(DATA SHOWN)

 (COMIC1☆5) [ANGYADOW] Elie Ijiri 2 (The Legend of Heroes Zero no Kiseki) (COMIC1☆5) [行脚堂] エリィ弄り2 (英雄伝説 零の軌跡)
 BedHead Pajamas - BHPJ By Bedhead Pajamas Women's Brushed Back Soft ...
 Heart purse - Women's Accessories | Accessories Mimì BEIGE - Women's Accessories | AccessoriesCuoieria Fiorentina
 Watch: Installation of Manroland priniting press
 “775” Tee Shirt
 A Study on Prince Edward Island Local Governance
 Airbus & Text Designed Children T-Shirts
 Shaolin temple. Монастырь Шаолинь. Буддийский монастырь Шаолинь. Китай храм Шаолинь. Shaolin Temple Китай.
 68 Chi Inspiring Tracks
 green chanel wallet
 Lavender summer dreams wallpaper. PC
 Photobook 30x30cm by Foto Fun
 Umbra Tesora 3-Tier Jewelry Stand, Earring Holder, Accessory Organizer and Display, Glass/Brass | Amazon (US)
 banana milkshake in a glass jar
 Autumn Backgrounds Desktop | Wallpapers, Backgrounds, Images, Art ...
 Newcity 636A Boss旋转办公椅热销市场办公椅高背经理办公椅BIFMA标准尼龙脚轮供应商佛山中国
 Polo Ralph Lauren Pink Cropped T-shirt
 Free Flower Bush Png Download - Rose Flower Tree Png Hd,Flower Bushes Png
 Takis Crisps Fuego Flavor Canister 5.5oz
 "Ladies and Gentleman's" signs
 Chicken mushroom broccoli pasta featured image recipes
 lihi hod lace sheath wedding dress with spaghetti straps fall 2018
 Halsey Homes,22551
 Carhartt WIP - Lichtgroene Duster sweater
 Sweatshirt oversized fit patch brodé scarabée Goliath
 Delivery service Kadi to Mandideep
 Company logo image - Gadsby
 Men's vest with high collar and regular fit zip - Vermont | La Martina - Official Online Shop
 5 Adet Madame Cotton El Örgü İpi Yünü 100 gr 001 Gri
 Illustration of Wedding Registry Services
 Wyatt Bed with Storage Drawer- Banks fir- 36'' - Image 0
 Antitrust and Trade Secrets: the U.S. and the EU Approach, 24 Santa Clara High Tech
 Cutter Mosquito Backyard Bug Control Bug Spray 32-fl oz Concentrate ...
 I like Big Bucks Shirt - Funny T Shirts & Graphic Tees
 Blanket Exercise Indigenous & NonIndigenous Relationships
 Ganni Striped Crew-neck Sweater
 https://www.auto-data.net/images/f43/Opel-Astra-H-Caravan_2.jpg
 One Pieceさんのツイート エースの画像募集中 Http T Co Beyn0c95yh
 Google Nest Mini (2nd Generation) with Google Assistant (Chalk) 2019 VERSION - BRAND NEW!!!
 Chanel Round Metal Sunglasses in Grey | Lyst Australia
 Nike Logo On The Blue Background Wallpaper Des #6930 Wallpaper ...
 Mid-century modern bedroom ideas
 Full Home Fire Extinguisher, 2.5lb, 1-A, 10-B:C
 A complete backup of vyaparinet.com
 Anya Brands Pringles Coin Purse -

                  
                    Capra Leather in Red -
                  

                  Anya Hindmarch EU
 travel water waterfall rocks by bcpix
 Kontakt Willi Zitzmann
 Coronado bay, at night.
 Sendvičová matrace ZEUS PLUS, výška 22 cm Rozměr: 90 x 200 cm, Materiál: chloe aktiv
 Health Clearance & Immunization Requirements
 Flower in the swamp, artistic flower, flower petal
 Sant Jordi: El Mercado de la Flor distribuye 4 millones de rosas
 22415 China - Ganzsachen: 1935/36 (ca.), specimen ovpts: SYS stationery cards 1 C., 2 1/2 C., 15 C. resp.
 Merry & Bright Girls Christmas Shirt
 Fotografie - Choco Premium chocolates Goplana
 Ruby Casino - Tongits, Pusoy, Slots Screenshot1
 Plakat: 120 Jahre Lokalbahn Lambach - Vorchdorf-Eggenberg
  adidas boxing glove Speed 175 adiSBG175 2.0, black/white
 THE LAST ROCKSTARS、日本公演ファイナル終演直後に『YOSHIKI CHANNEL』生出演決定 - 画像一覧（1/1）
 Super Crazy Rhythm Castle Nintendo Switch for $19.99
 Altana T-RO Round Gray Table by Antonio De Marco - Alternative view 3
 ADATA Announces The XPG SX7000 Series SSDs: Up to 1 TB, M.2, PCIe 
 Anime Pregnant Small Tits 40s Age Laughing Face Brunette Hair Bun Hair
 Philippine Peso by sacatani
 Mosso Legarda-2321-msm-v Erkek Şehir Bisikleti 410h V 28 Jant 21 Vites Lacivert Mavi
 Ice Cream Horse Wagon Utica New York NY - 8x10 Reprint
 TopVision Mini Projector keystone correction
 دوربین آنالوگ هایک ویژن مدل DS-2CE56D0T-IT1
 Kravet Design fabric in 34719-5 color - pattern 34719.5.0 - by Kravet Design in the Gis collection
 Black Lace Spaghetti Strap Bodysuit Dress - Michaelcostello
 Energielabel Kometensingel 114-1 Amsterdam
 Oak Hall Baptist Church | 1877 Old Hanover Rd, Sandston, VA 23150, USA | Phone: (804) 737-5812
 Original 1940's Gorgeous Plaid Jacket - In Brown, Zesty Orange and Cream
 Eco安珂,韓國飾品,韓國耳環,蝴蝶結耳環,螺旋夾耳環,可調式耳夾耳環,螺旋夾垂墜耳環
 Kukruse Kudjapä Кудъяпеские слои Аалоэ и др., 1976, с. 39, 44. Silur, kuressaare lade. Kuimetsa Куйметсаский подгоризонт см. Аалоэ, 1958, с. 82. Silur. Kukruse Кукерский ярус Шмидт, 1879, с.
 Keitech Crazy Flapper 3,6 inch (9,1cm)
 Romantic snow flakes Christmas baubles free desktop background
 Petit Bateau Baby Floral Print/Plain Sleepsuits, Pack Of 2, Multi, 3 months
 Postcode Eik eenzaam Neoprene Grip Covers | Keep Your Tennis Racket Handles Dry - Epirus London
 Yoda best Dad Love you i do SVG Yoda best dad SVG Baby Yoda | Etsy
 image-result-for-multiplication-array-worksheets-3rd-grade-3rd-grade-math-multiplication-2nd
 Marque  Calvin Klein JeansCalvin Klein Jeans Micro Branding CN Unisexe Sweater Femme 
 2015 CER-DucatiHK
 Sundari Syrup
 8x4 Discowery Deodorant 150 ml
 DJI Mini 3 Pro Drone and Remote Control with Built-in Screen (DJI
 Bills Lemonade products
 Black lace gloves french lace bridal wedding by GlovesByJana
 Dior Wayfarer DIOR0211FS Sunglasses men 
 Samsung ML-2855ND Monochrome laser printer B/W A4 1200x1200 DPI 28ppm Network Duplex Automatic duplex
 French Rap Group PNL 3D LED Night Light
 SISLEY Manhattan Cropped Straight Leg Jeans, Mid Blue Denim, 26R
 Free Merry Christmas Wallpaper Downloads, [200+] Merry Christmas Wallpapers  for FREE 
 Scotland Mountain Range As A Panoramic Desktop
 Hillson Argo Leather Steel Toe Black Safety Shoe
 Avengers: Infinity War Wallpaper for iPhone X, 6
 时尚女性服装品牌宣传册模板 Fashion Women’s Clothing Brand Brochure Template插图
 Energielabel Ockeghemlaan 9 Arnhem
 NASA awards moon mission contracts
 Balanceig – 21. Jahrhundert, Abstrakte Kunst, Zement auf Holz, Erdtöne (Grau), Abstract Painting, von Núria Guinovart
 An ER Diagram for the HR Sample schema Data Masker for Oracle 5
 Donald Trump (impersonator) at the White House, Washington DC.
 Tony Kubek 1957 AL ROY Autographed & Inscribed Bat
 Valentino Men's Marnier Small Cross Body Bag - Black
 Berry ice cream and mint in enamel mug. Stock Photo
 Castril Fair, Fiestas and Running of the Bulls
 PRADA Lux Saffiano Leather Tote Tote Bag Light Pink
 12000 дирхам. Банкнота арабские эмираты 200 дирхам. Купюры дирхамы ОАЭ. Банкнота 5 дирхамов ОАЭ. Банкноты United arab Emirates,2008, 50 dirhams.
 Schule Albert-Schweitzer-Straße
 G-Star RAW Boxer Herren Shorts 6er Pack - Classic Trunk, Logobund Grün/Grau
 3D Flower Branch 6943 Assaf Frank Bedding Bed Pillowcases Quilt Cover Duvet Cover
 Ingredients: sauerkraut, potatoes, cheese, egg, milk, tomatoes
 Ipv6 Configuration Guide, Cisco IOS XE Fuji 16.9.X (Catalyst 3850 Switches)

(End DATA SHOWN)

=== TASK TO CARRY OUT ===
Above are the records; copy exactly the lines from the line with "THE LAST ROCKSTARS、日本公演ファイナル終演直後に『YOSHIKI" through the line with "Philippine Peso by sacatani", both included.

=== FINISHED TASK ===
 THE LAST ROCKSTARS、日本公演ファイナル終演直後に『YOSHIKI CHANNEL』生出演決定 - 画像一覧（1/1）
 Super Crazy Rhythm Castle Nintendo Switch for $19.99
 Altana T-RO Round Gray Table by Antonio De Marco - Alternative view 3
 ADATA Announces The XPG SX7000 Series SSDs: Up to 1 TB, M.2, PCIe 
 Anime Pregnant Small Tits 40s Age Laughing Face Brunette Hair Bun Hair
 Philippine Peso by sacatani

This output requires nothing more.